The team said nanofibers that are made of starch are especially promising and could be used in the future in bandages to aid wound healing, as scaffolding for bone regeneration and for drug delivery.
The nanopasta was made from a technique called electrospinning. The London researchers describe electrospinning as a process in which threads of flour and liquid are pulled through the tip of a needle by an electric charge.
This spaghetti is a pasta with one interesting origin. However, as a 2012 CBS News report told viewers, many other kinds of pasta have backstories that come with a twist, including tortellini.
According to the report, one of the most famous women of the Italian Renaissance, Lucrezia Borgia, was the inspiration behind the pasta.
The tale goes that Borgia stopped overnight at an inn. The innkeeper became smitten with her. When he went up to snoop on her room, he looked through the keyhole and saw her navel. That inspired the tortellini pasta.
Then there’s cascatelli, the pasta shape created by James Beard award-winning podcaster Dan Pashman.

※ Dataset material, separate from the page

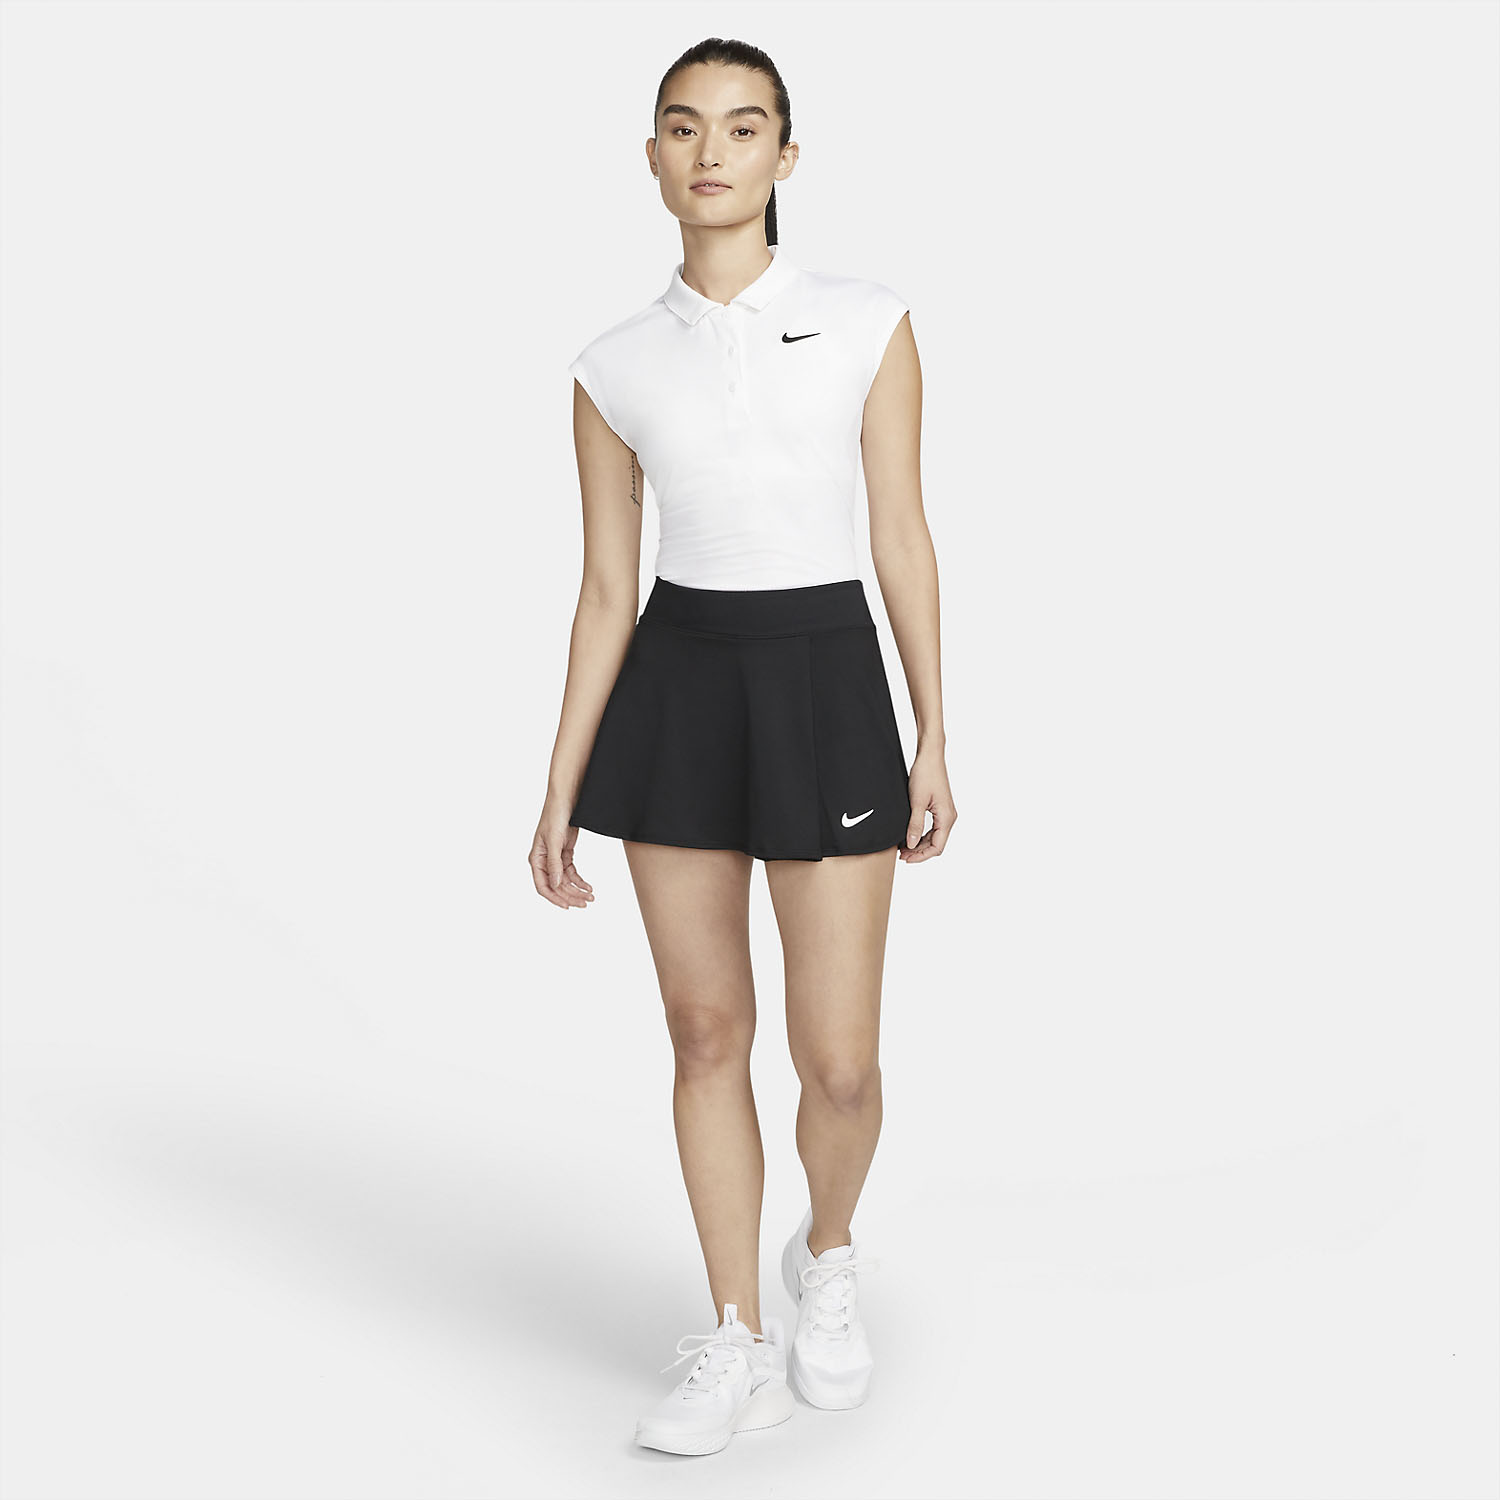 Nike Flouncy Skirt - Black/White

It took him three years, as chronicled on his podcast “The Sporkful,” to come up with his dream pasta that he considers to be the perfect shape for holding sauce, picking up with a fork and just eating.
Cascatelli, which means “waterfall” in Italian, was named one of Time magazine’s top 100 inventions of 2021. The pasta is being sold by companies including Sfoglini, Trader Joe’s and Banza (a chickpea version).
According to the Auguste Escoffier School of Culinary Arts, there are over 350 types of pasta shapes out there. And now, thanks to researchers in London, there’s one more.
But remember that nanopasta spaghetti was not created for digesting.
As Professor Gareth Williams, co-author of the university’s study, said, “I don’t think it’s useful as pasta, sadly, as it would overcook in less than a second, before you could take it out of the pan.”